In cases where conversion from austenite to martensite is not complete,
cryo treatment can complete the conversion. This eliminates the
room-temperature austenite phase that paradoxically keeps the piece from
achieving its full potential hardness, and also contributes to
brittleness or other weakness through a mechanism I don't remember. (Hey,
it's been 30 years.)

But the effects are slight. They can pay off in some kinds of press
tooling, which is where the method was being applied in those days.
Adding small margins of performance can add tens of thousands of hits to
the life of a blanking tool, for example.

--
Ed Huntress


I see, George always said "assuming proper heat treating" and in my case,
the D-2 had to be triple drawn. I'm also blessed with a heat treater that
has always taken extra special care with my stuff and I know he must do so
at a loss as most of my parts weigh ounces. And then to have IVAC do
different coatings on my parts. He's close to a breakthrough with an ion
implantation technology, of which I get lost quickly when he tries to
explain to me but I get the flavor that it will be big!

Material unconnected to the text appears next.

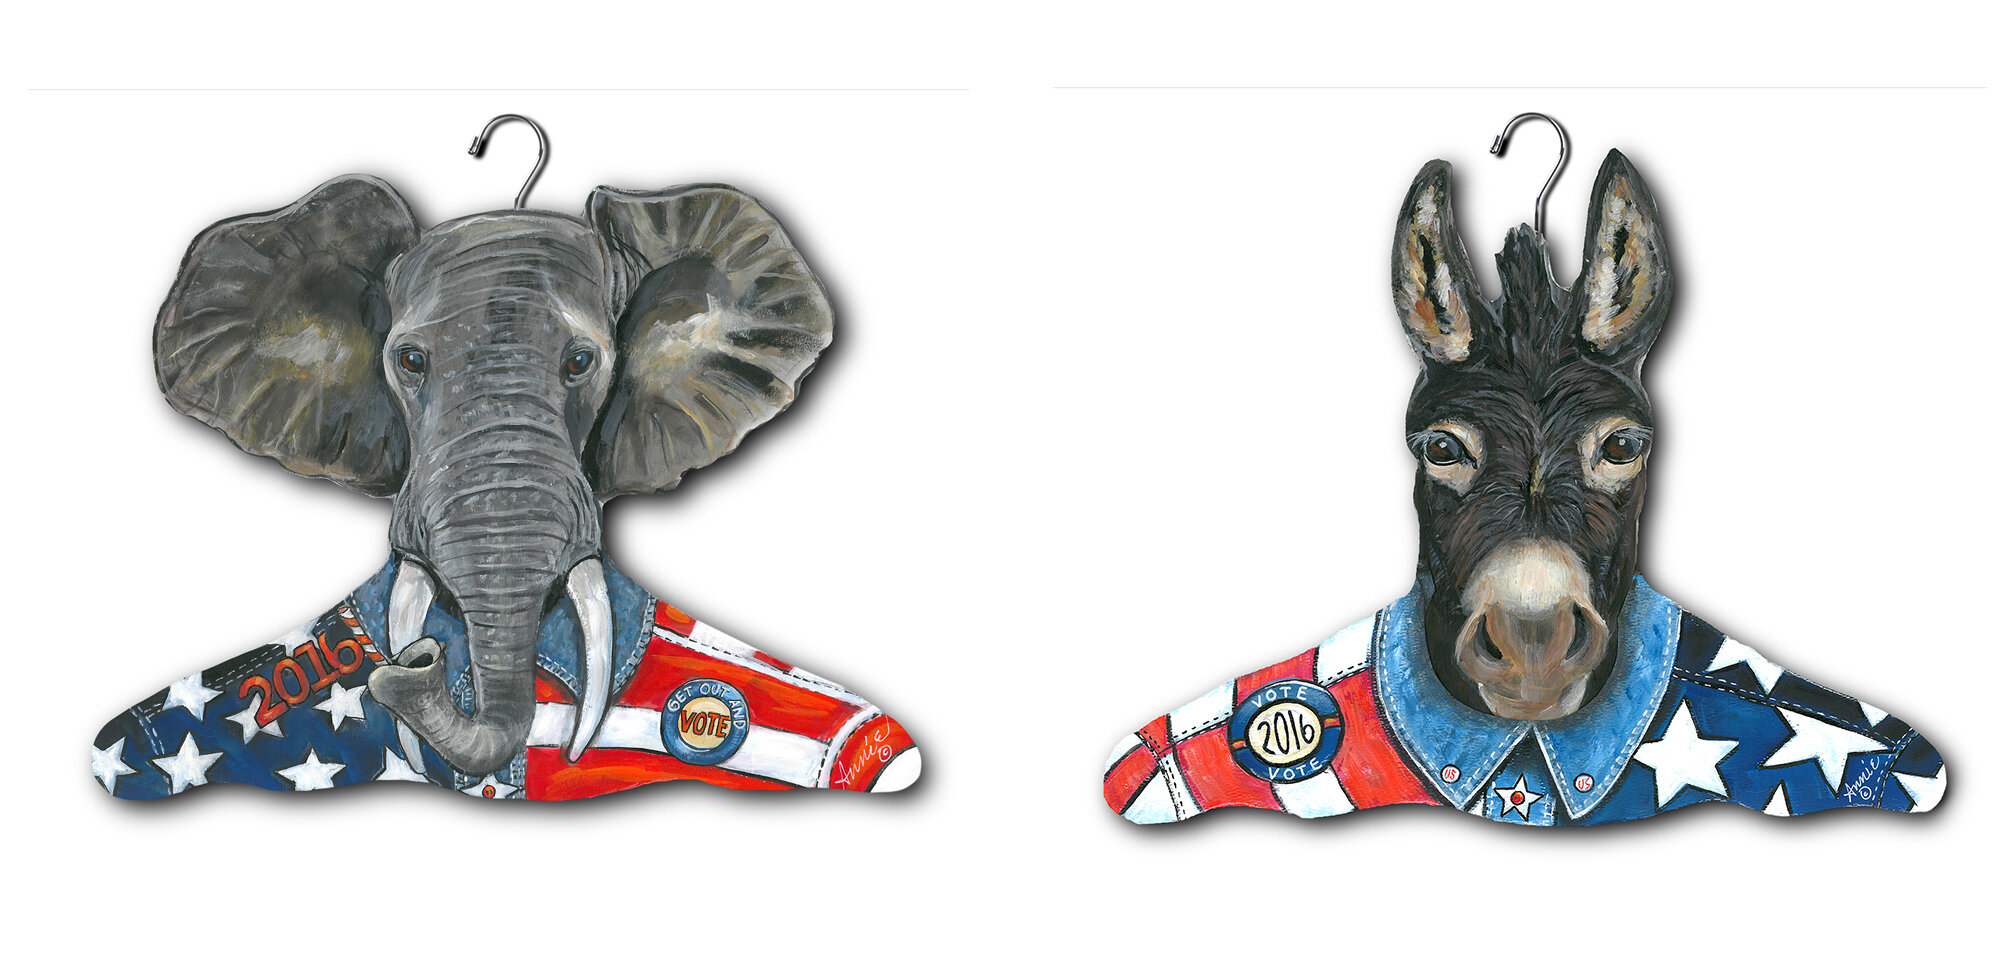 32fceb2657 Stupell industries republican elephant and democratic donkey clothing  hangers wayfair jpg 2000x979 Streamlined donkey

Tell him to give me an exclusive, and I'll write a good article for him.
d8-)

--
Ed Huntress

In article , Ed Huntress
wrote:

"JoanD'arcRoast" wrote in message
. ..
In article , Ed Huntress
wrote:

"Buerste" wrote in message
...

"JoanD'arcRoast" wrote in message
. ..
I shape my wood lathe tools by hand, and then heat treat in a campfire
and quench in used motor oil.

I have access to LN2, but wonder if it would make a noticeable
improvement of the O-1.

I know I will encounter inefficiencies due to Leidenfrost effect, even
if I pre-chill the steel to minus 80 C. (Perhaps I can roto-vac to
make
slush, I'll have to explore that.)

Opinions?

Do you think my methods are too primitive and hit-or-miss to achieve
better sharpness and edge retention on the lathe tool?

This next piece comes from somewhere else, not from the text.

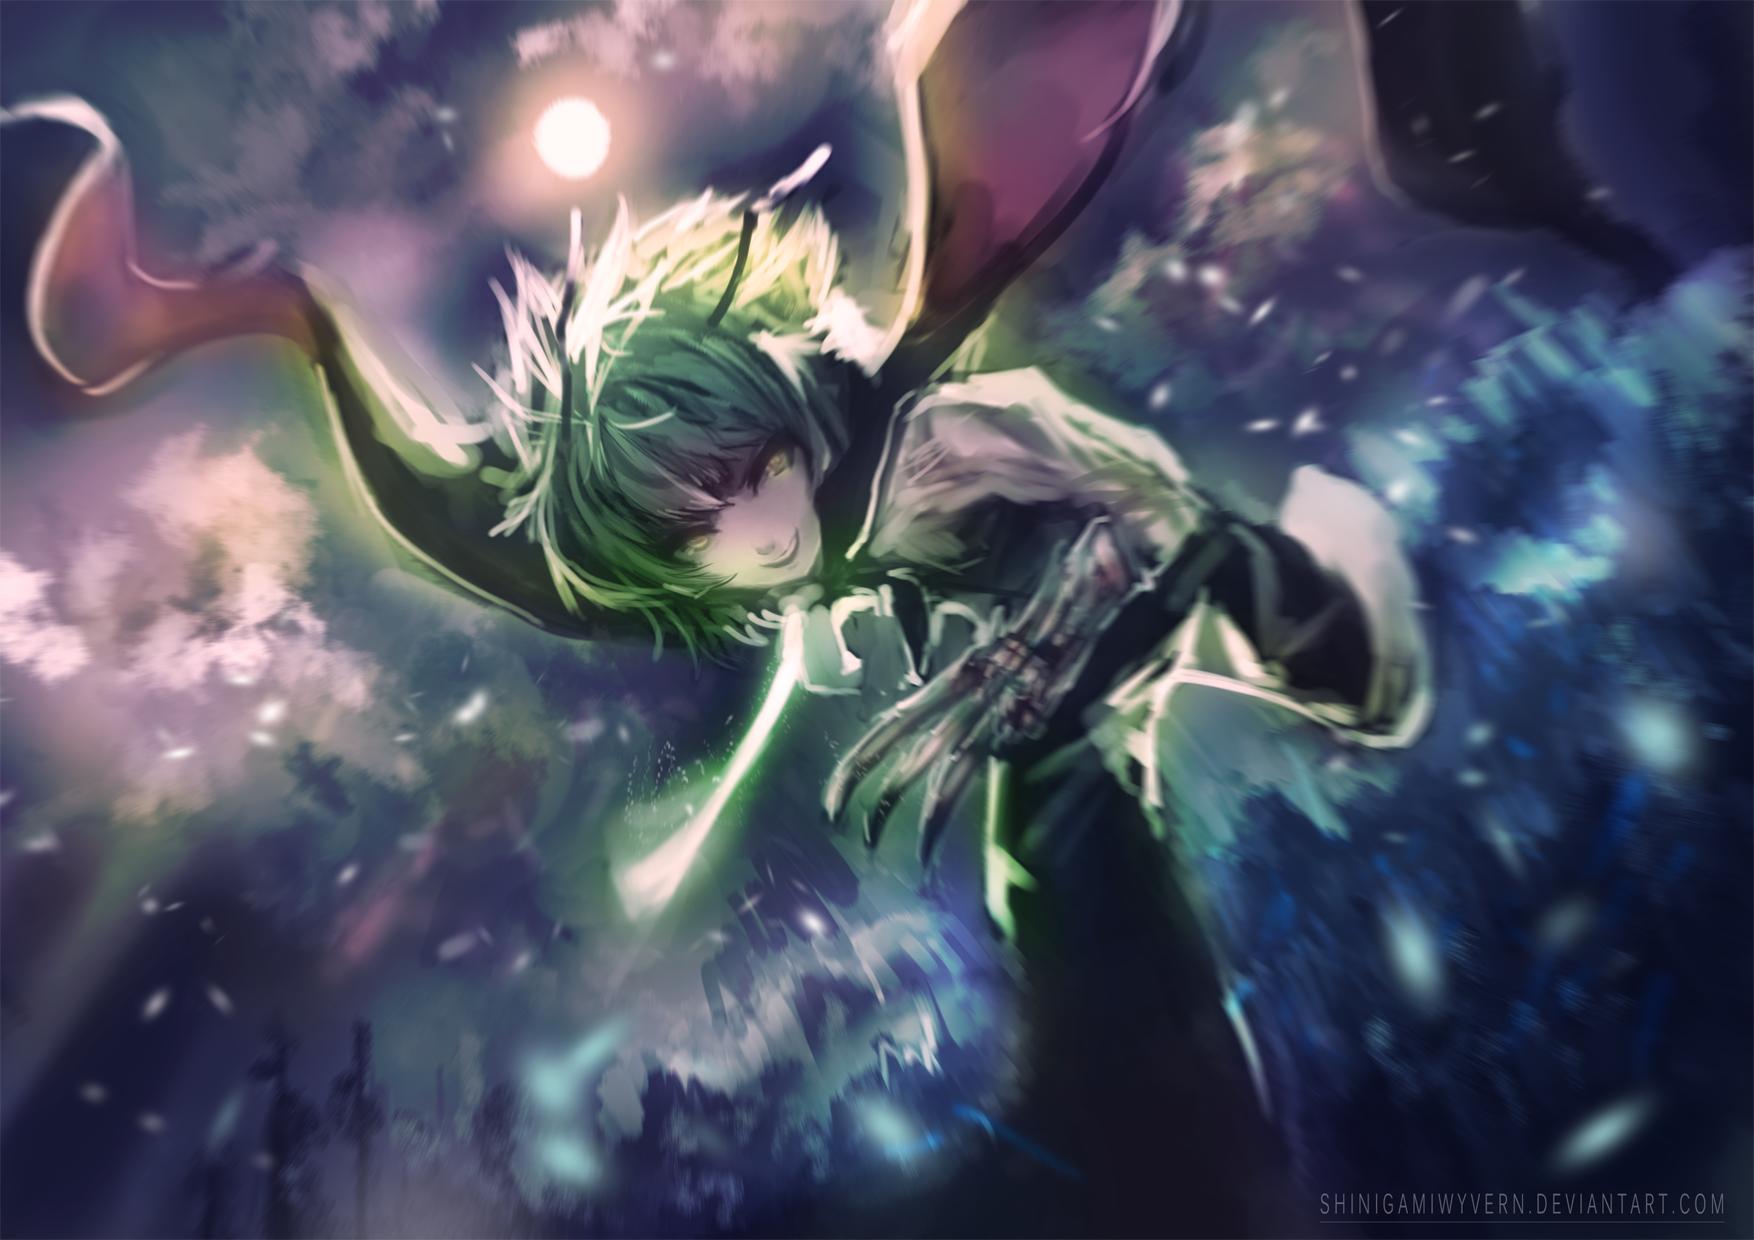 LIGHTSABER UNF by Shinigamiwyvern

Am I barking up the wrong tree? Would the little extra hardness gained
not be desirable for this application?

Pointers? Links?

Thanks for taking the trouble to read this mess,
-j

I've heard from experts that cyro is smoke and mirrors. The best thing
said is cyro provides superb stress relief. Your application and your
level of correct heat treatment limits what you can do. Send stuff out
to
a heat treater. Your expectations are too high for home-brew.

Ah, guys, I think you're being trolled, if you haven't noticed.

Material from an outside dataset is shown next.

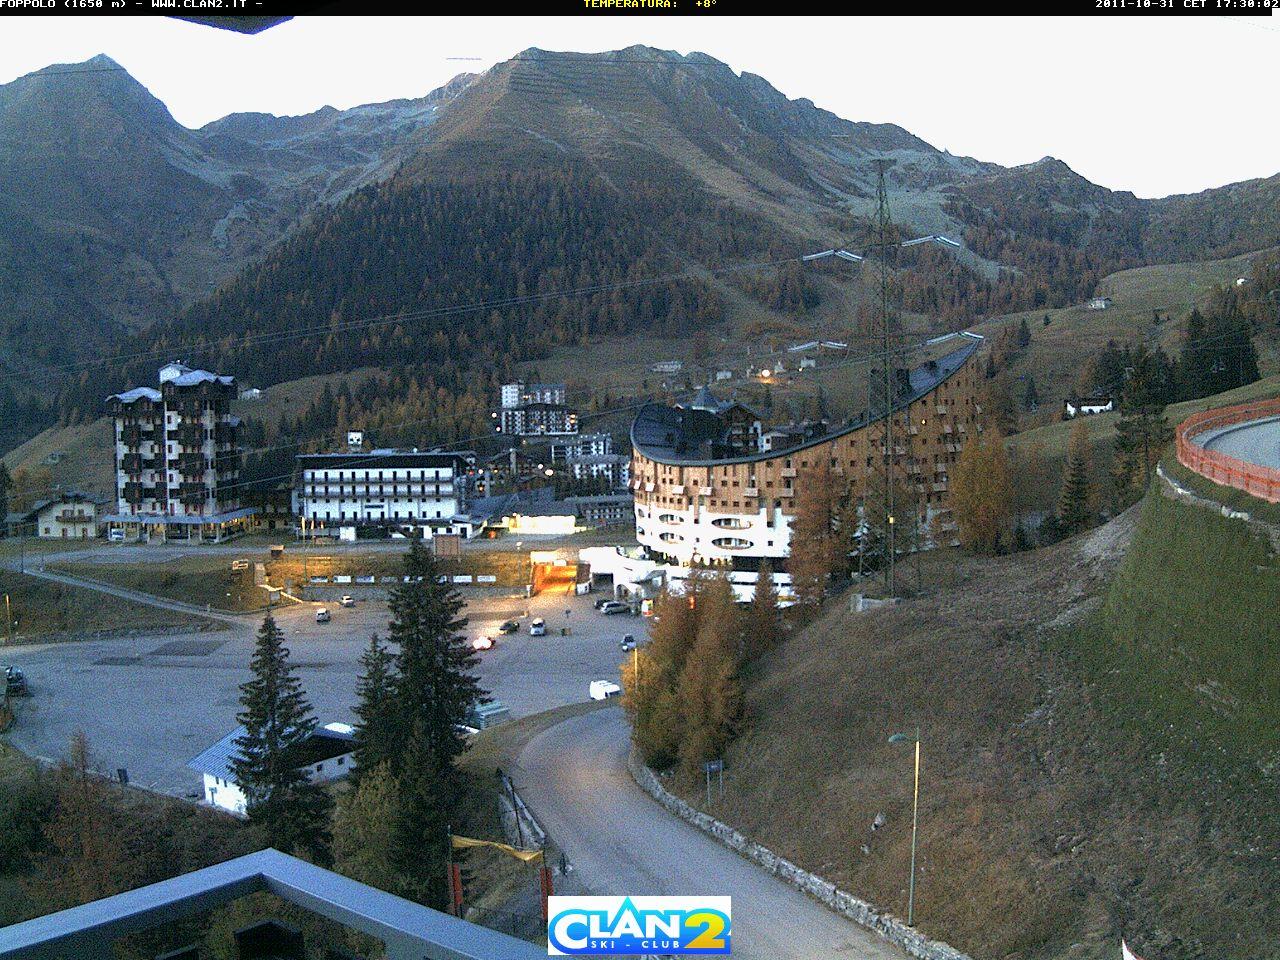 Webcam alpine Foppolo

JoanD'arcRoast is roasting you. d8-)

--
Ed Huntress


No Sir! Not trolling. Long-time lurker; I love this newsgroup! Probably
the widest range of practical, hands-on skills I've encountered in any
newsgroup, ever. Some folks with book knowledge, but a lot with long
hard-earned experience -- and I respect that.

I'm sorry if my questions are naive; (but dammit, Jim) I'm a 54 y.o.
carpenter and a woodturner, not a real toolmaker.

I was reading:
http://www.efunda.com/processes/heat_treat/matl_modify/cryogenic.cfm
and got the light-bulb over my head...

My wife runs a well-funded university lab, and offered to let me come
in over vacation some night and waste a buck or two of LN2. She's got
twenty years' experience, and her boss likes me... so I thought I'd
pick the group's brains about the O-1 steel hardening.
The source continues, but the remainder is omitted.